When is a DUI a Felony?

What is a Felony DUI?Drinking and driving is a crime, and a dangerous crime, at that. Still, there are very few cases in which a sober person plans a night of alcohol and joy riding. Everyone makes mistakes, especially after a few too many drinks, and laws across the U.S. reflect a certain lenience when that is the case. Despite the danger, if a DUI has caused no harm to a person or any property, it is usually considered a misdemeanor crime, a reason to make better life decisions and an opportunity to learn lessons in responsibility before it is too late.

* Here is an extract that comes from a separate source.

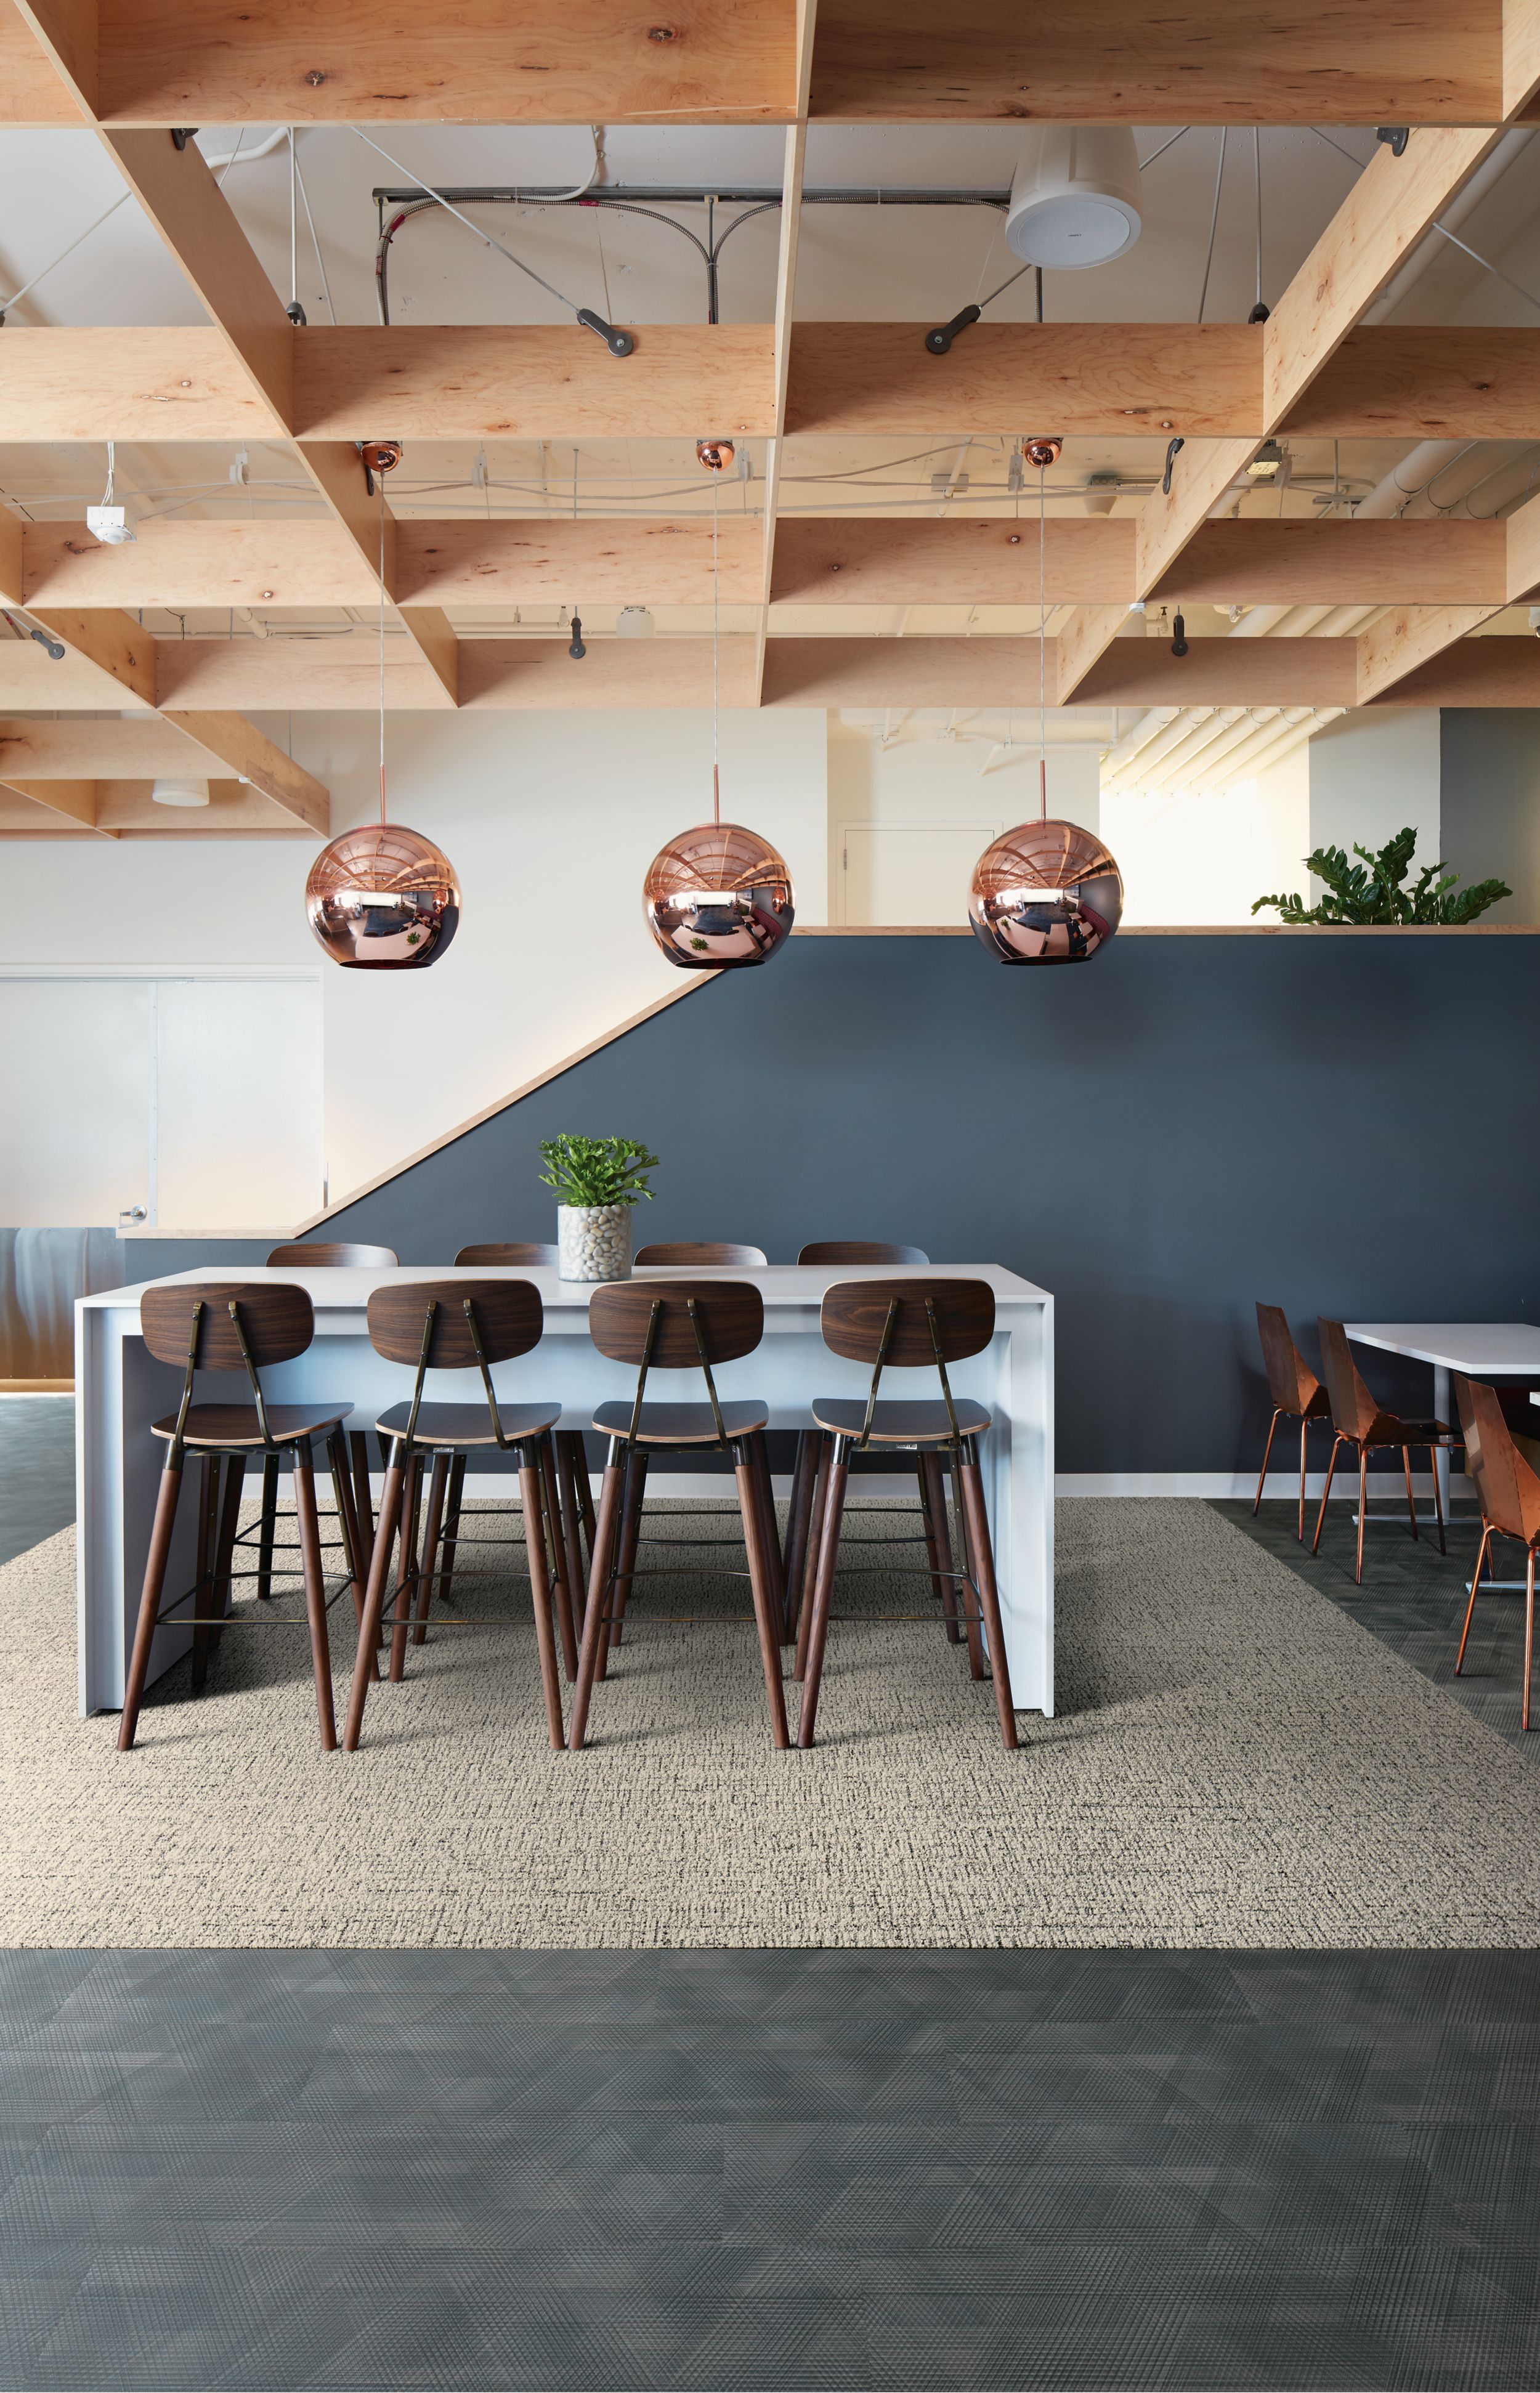 Interface Haptic plank carpet tile and Drawn Lines LVT in public office space with wood grid ceiling número de imagen 2
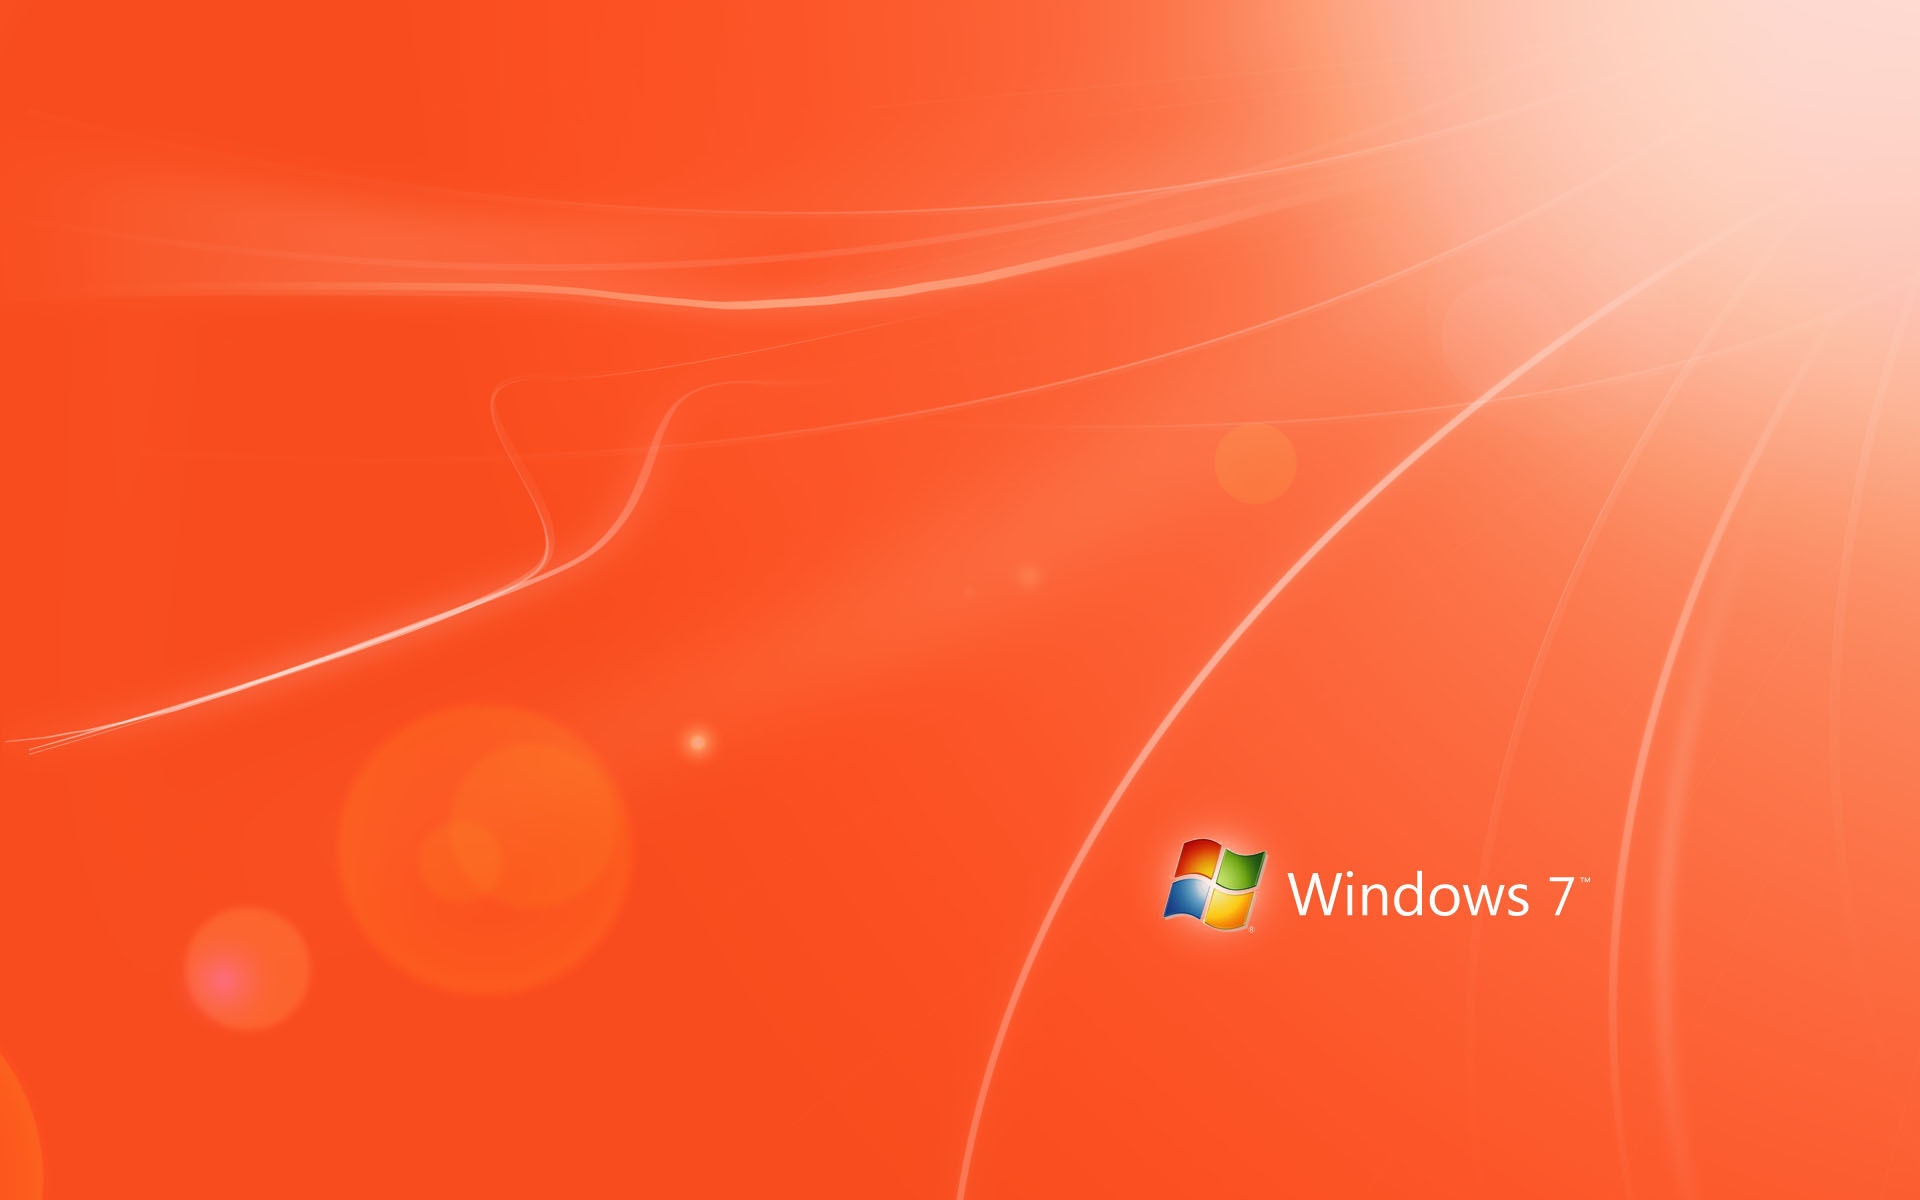 Windows 7 Wallpaper Free for Desktop - Uncalke.com

A felony DUI, however, is a different story and each state has a different set of guidelines for what defines a felony versus a misdemeanor drunk driving conviction. In New York and Oklahoma, a second drunk driving conviction in 10 years can be considered a felony. But, California and New Mexico will only charge you with a felony once you have racked up four DUI convictions. However, the classification doesn’t just depend on the number of convictions and with the following aggravating factors, even your first-offense DUI could be a felony:

  • “Super Drunk” Blood Alcohol Concentration (BAC).
  • Drunk driving with a child or minor present in the vehicle.
  • Any DUI that involves serious injury or death.

If you are facing a felony DUI, you are also facing the loss of your rights as a U.S. citizen, including he right to vote, to obtain a passport or own or use a gun. You could also risk losing your license, public assistance and even your parental rights. You will most likely have a long-standing ignition interlock requirement, as well.

Nobody can predict how drunk driving will end, and that is what makes it dangerous. Because of the different laws in each state, and the aggravating factors that can occur, a felony conviction can be troubling, but, it is hardly the worst consequence that can be faced.